Stefanidis boasts a prestigious, international clientele and has a look that combines a bold and original use of colour with an eclectic and cosmopolitan aesthetic. His style has been described as ‘versatile with a splendid unobtrusiveness’.

‘I interpret my client’s requirements and decide what they want,’ he says. ‘I’m part designer and part analyst.’

Born in pre-war Alexandria, he moved to the UK to study at Oxford University and began a career in interior design after buying and renovating a 16th-century house in the Greek islands. In 1967, Stefanidis established his architecture and interior design practice from a studio in Chelsea. Since then, John Stefanidis Brands Ltd has specialised in the architectural and interior design of residential properties and hotels.
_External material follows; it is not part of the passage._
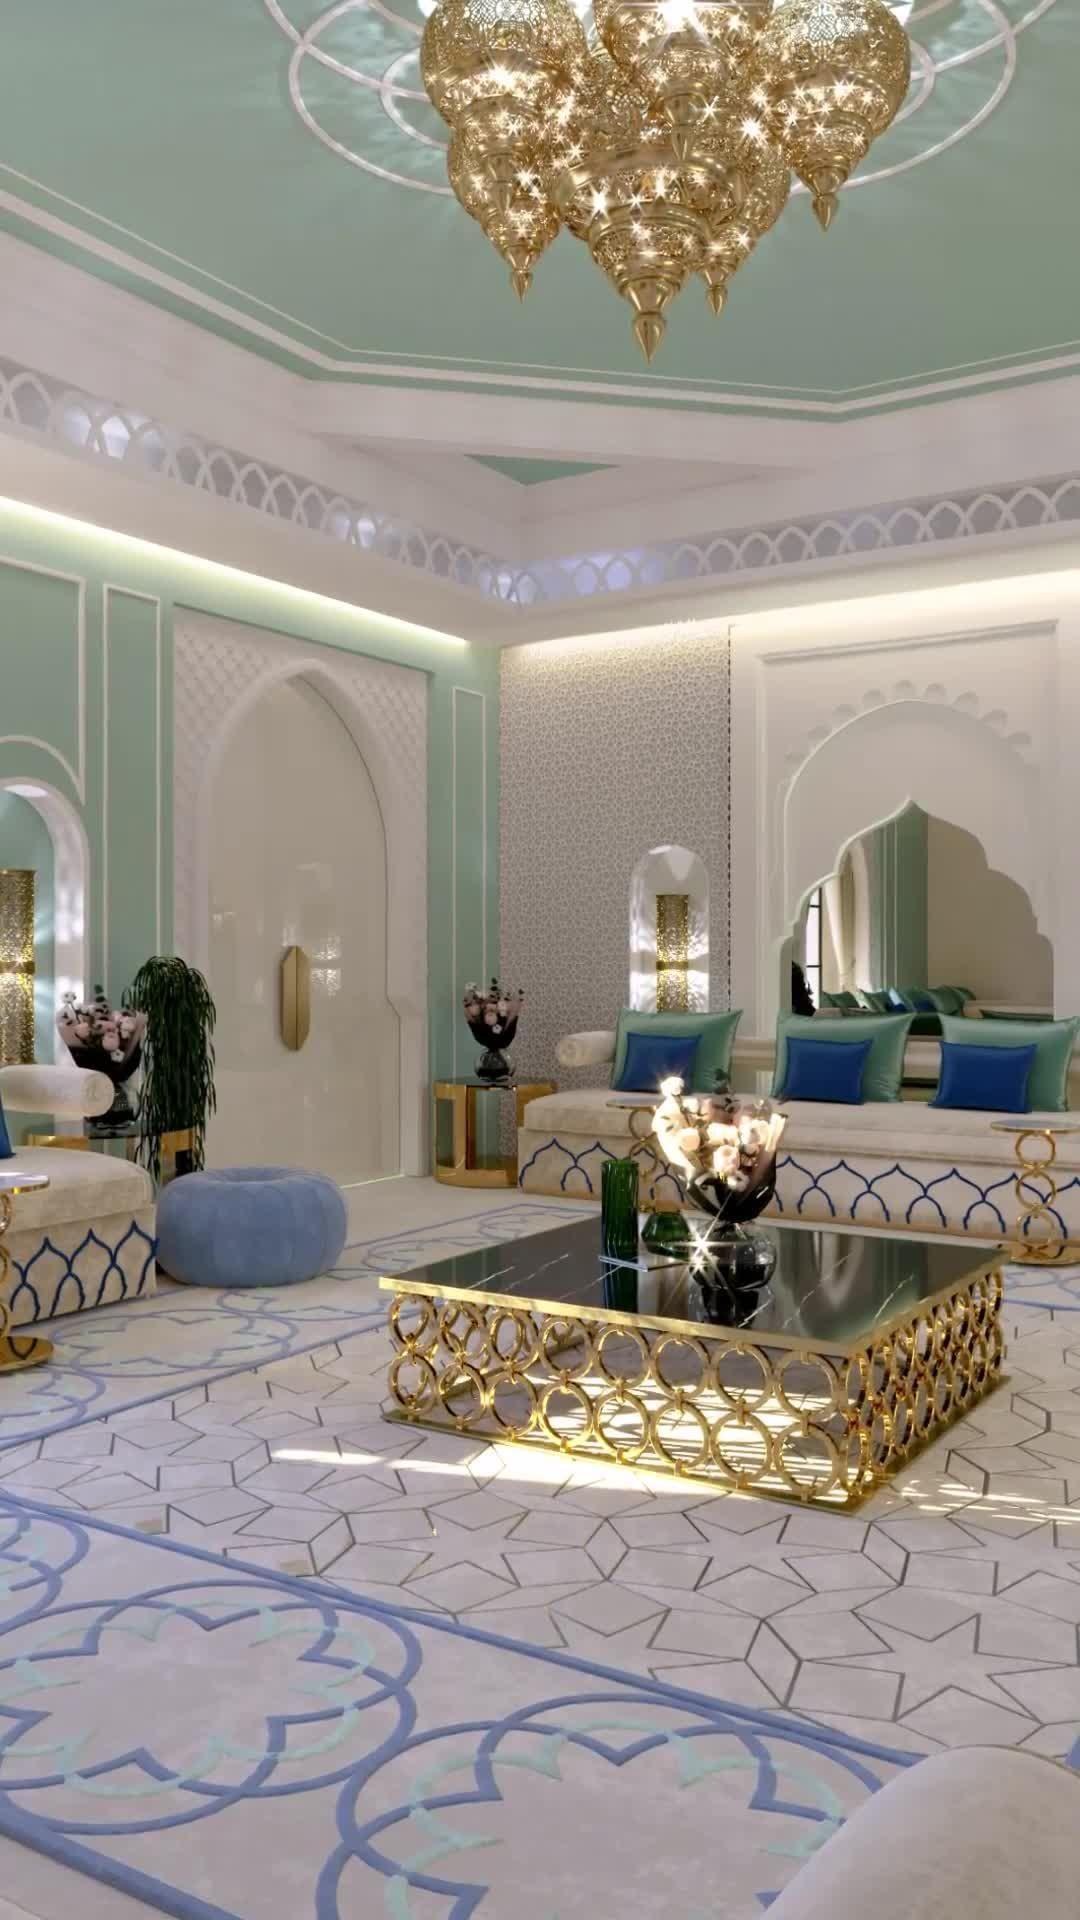 Modern Moroccan Style Interior Design And Home Decor In Dubai Video Video Luxury House Interior Design Interior Design Dubai Moroccan Style Interior

Recent projects include two historic houses on the Bosphorus in Istanbul, apartments in Athens, a ranch house and cabins in Colorado, a mansion in Kuwait, apartments and country houses in the UK and a private house in St Petersburg. Stefanidis has also created acclaimed fabric and furniture ranges influenced by his love of travel and his renowned eye for ergonomic design.

‘Good design will use space and its decoration in a way that transcends fads and fashion,’ he concludes. ‘This is what we aspire to when creating the structure and surroundings that are to become homes.’